▶ [EXERCISE AIM]: Please give the listing again in full, leaving out its images.

▶ [DATA BLOCK]:
::::

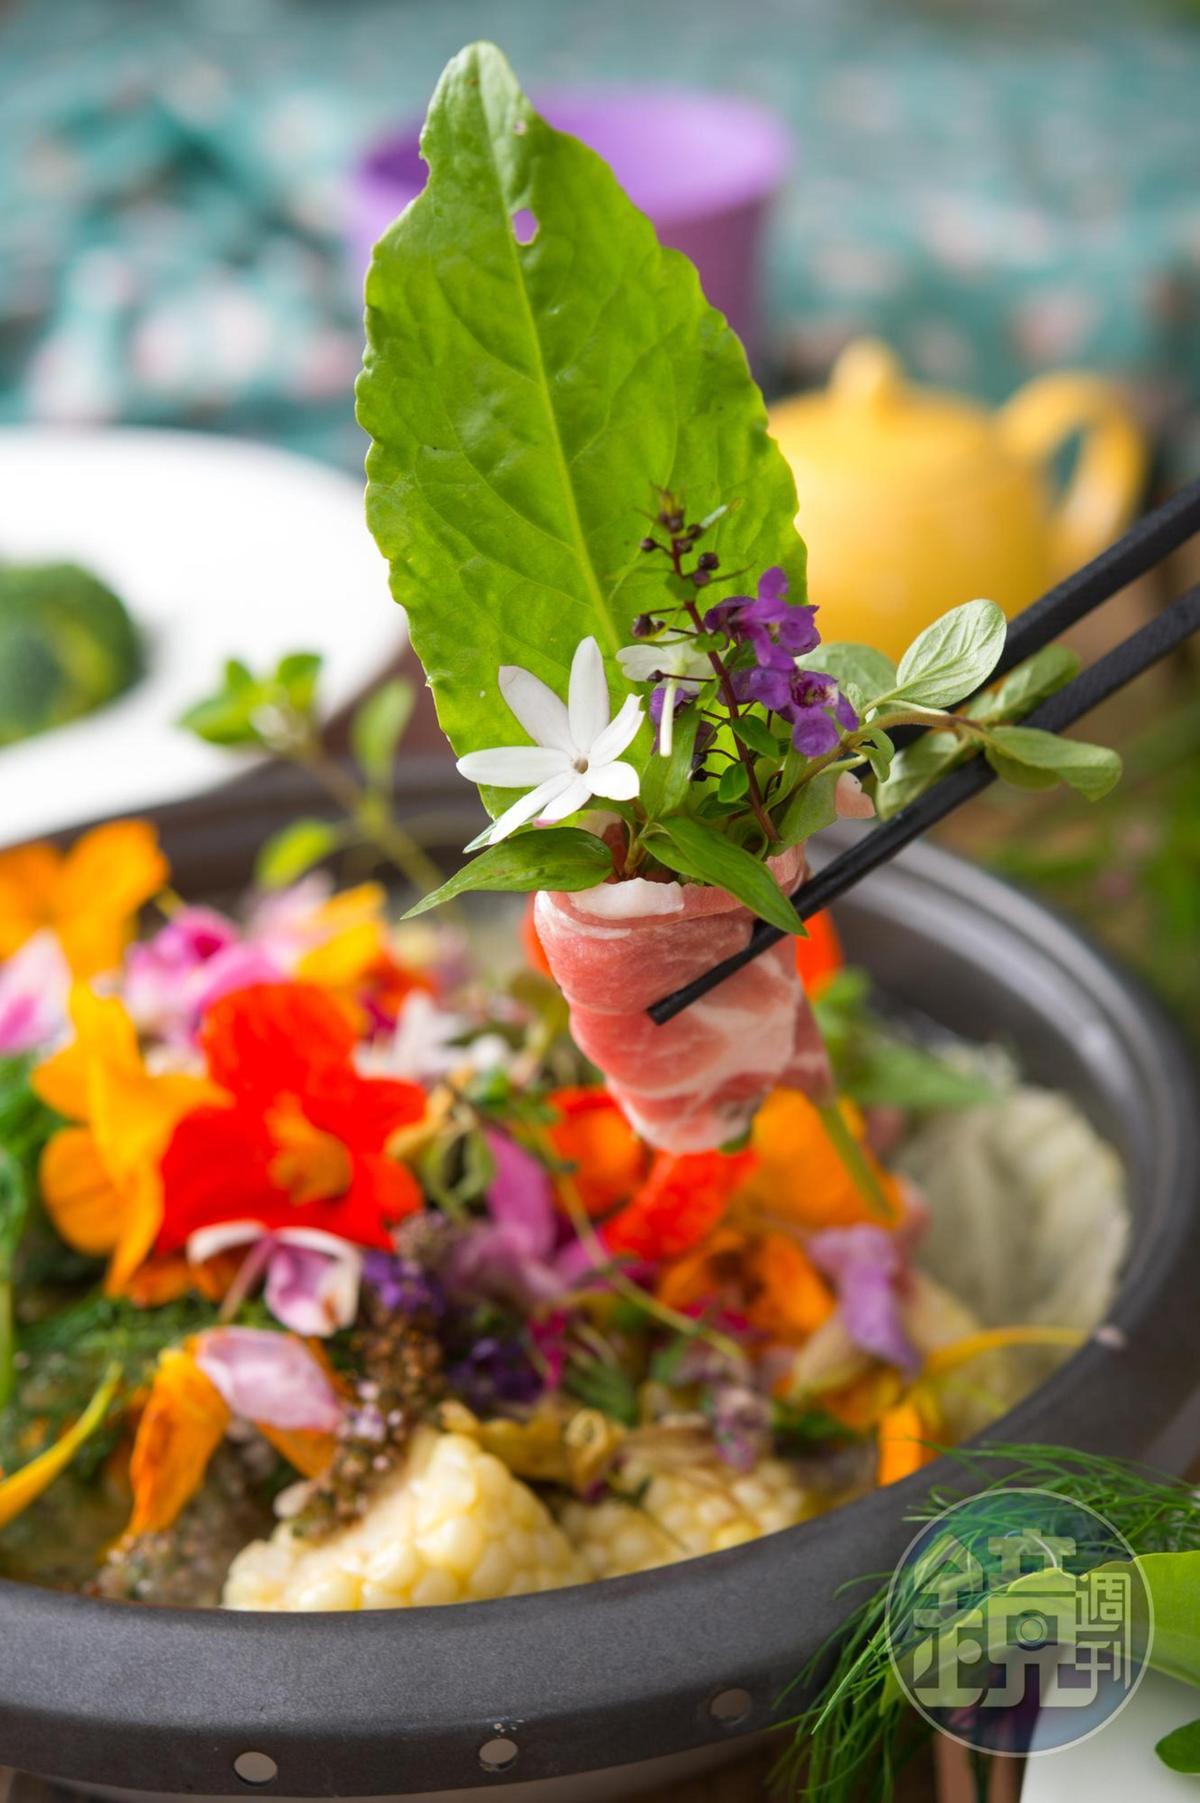 「香草束花火鍋」,其中「第一把香草束」鍋,形如深秋的花園水池,香草氣息濃郁。(陽明山時光香草花卉農園,800元套餐菜色)
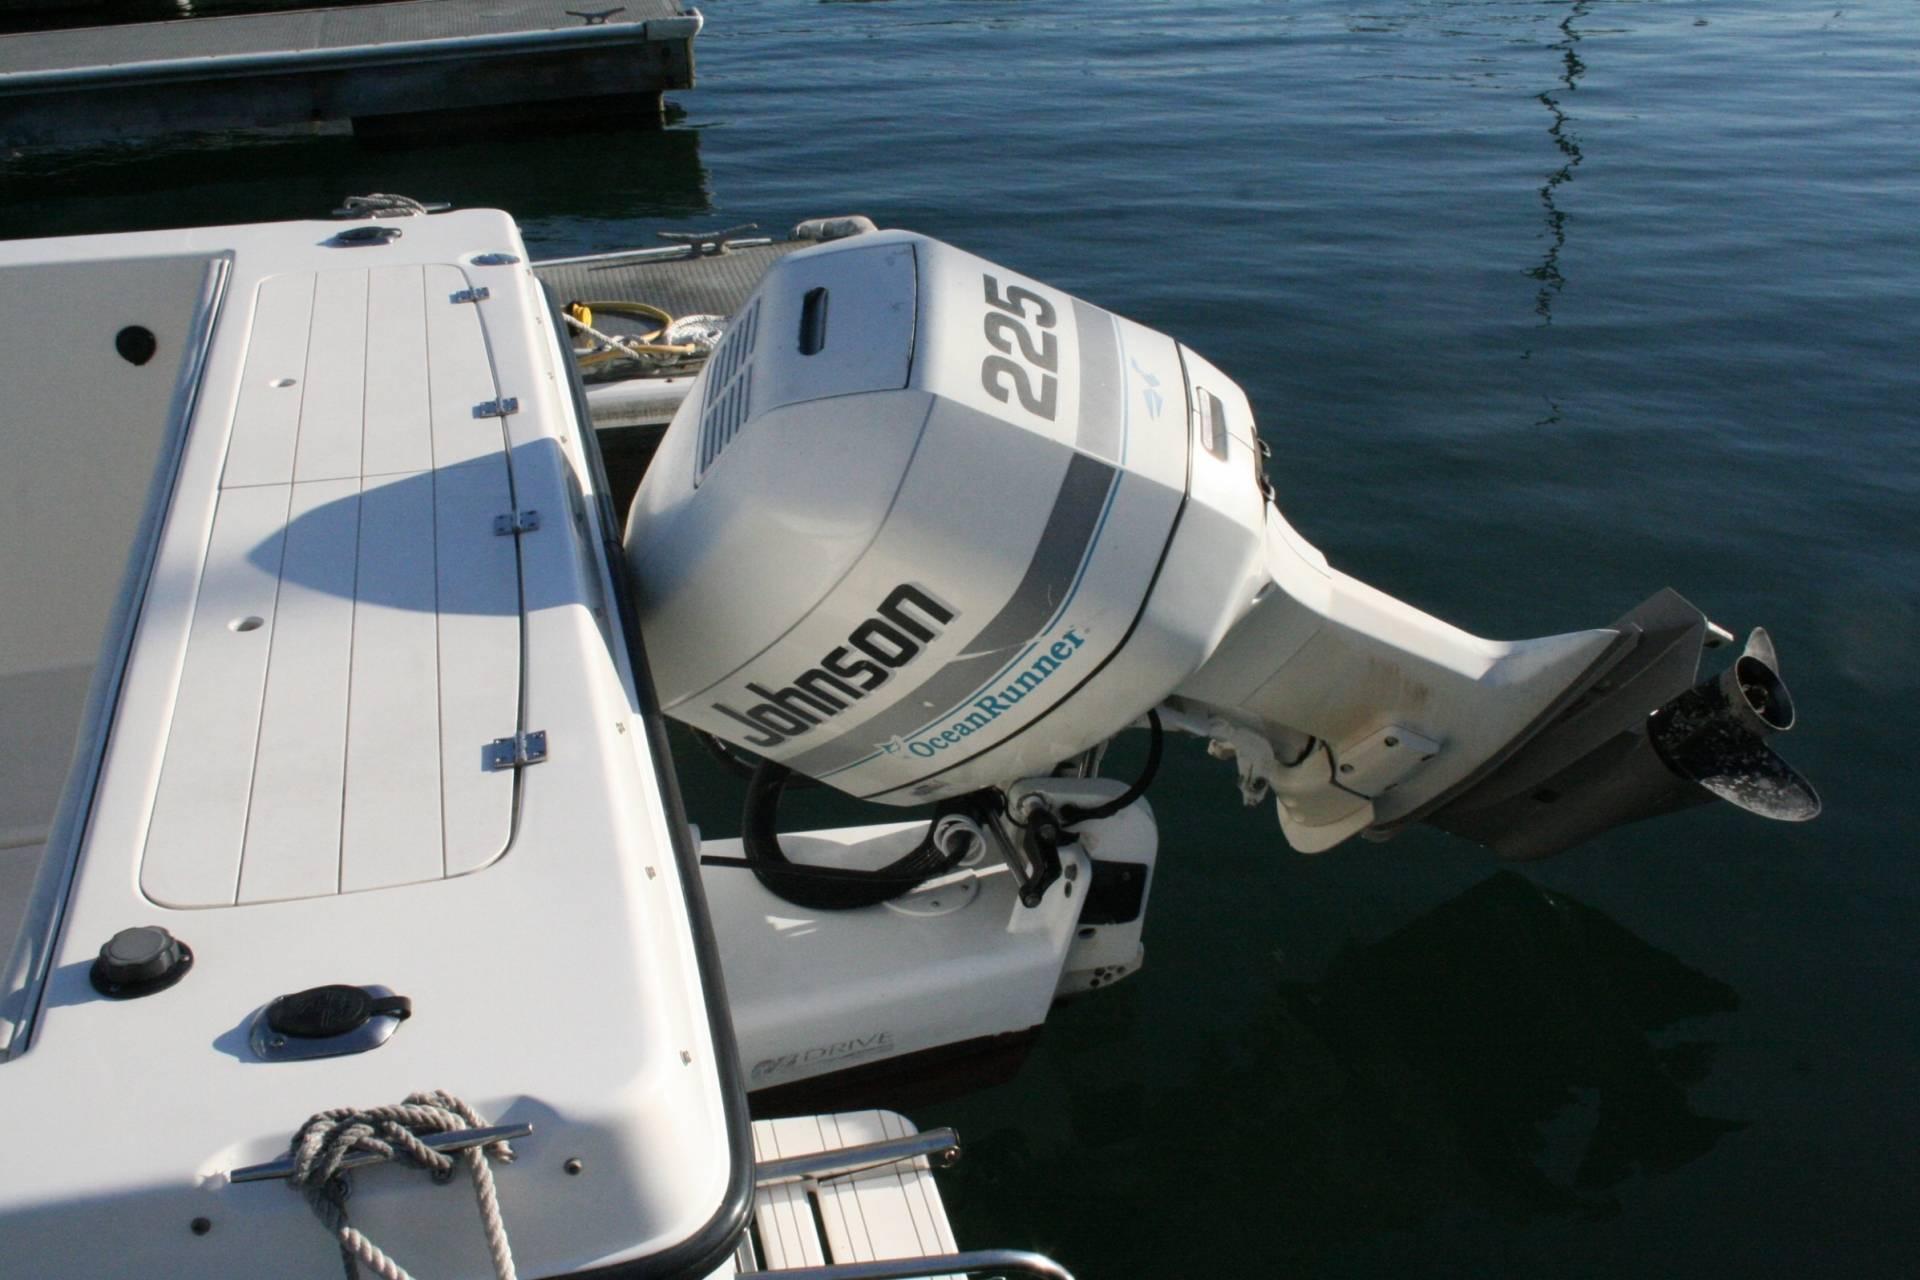 Johnson 225 Hp Ocean Runner 2 Stroke Outboard Motor For
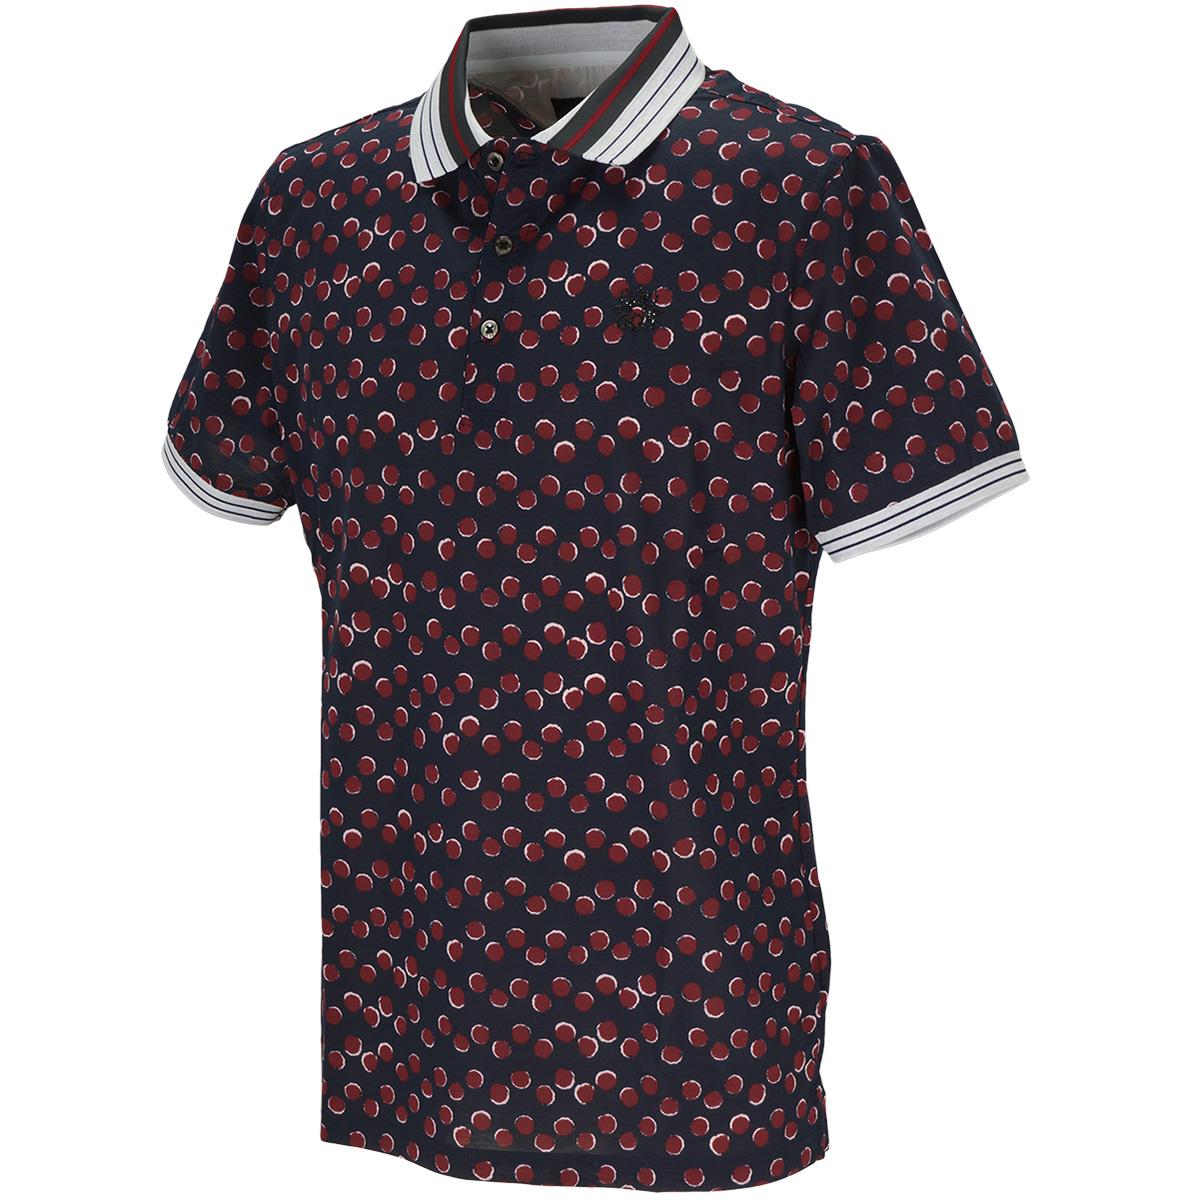 BlackLabel 半回縞ドットプリント半袖ポロシャツ
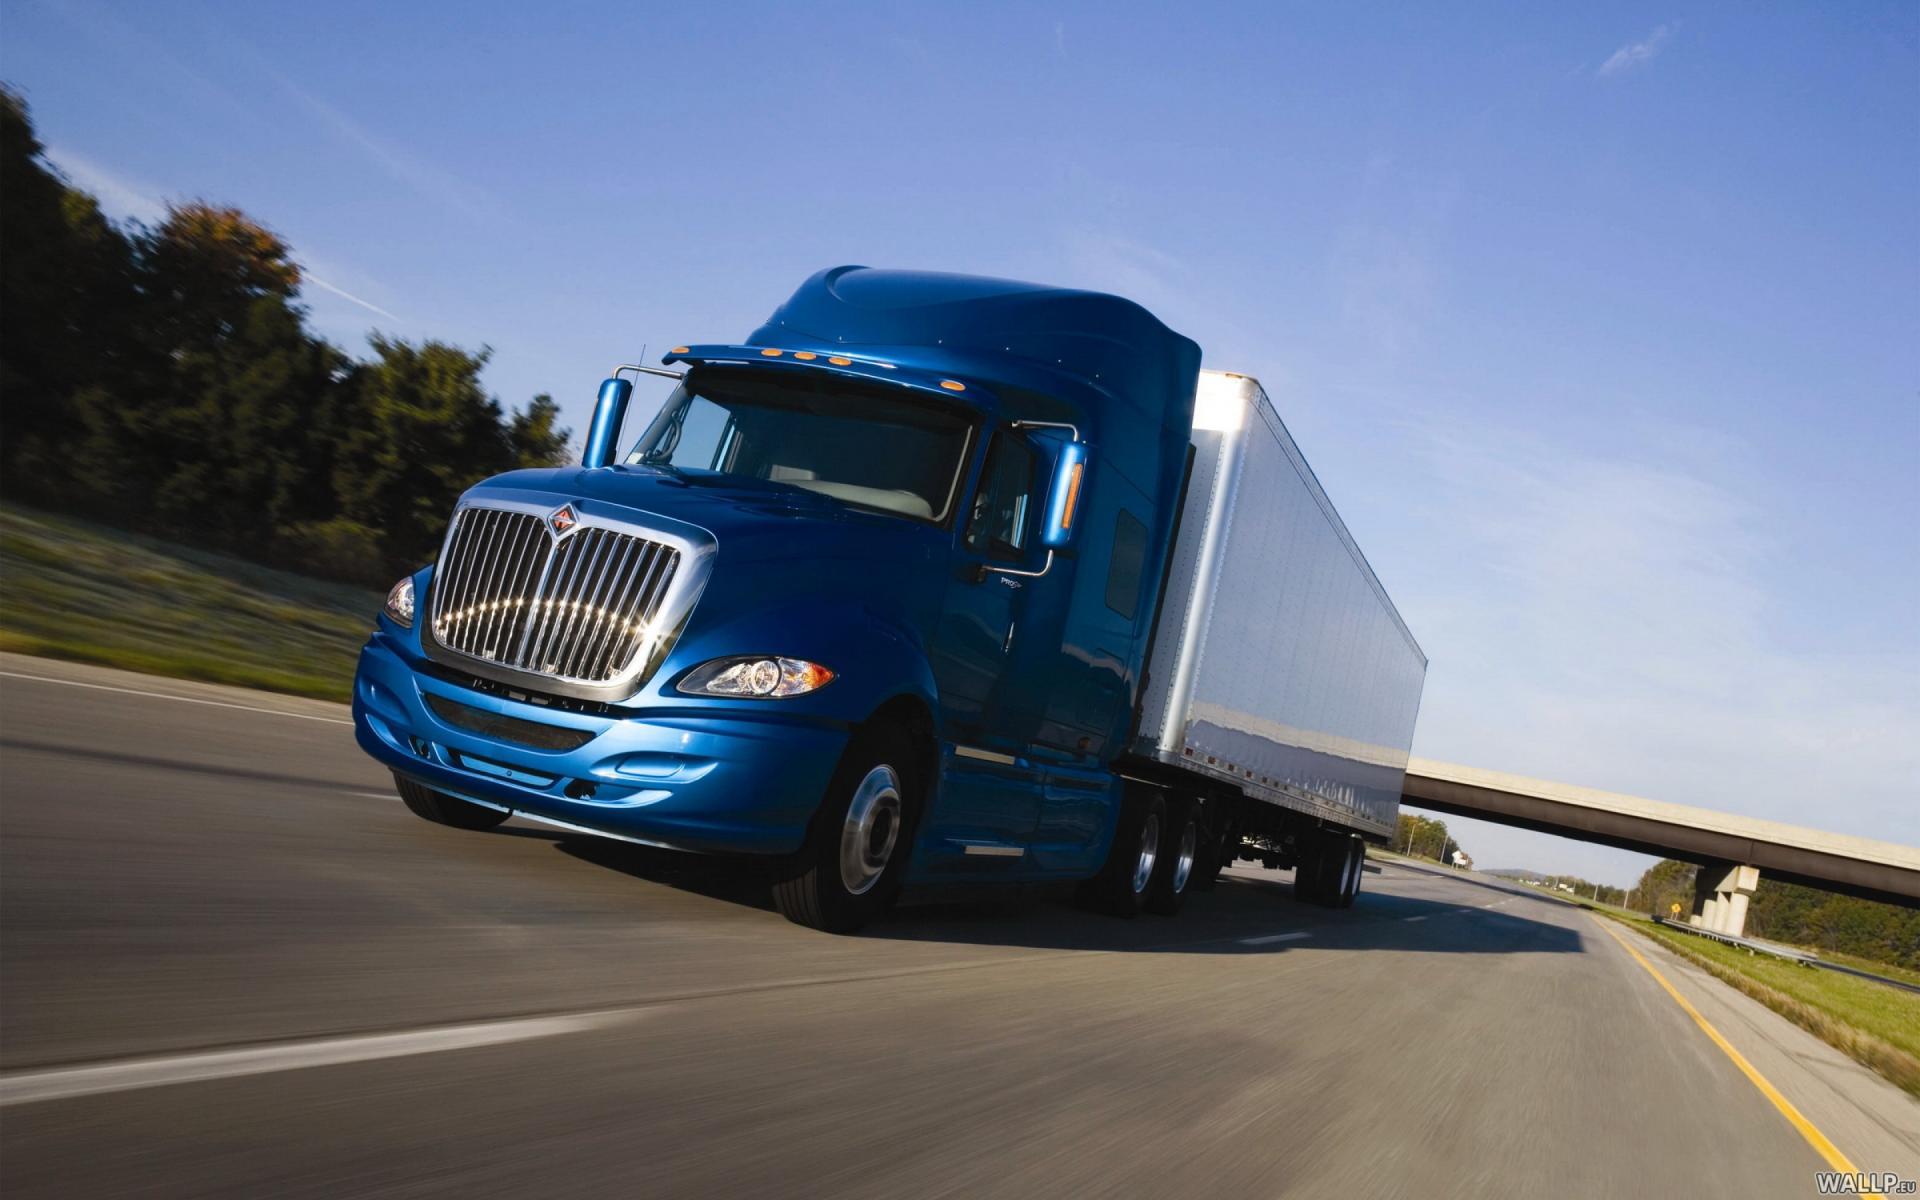 International Trucks запустила в производство новые грузовики НХ

::::

▶ [WRITTEN SOLUTION]:
 「香草束花火鍋」,其中「第一把香草束」鍋,形如深秋的花園水池,香草氣息濃郁。(陽明山時光香草花卉農園,800元套餐菜色)
 Johnson 225 Hp Ocean Runner 2 Stroke Outboard Motor For
 BlackLabel 半回縞ドットプリント半袖ポロシャツ
 International Trucks запустила в производство новые грузовики НХ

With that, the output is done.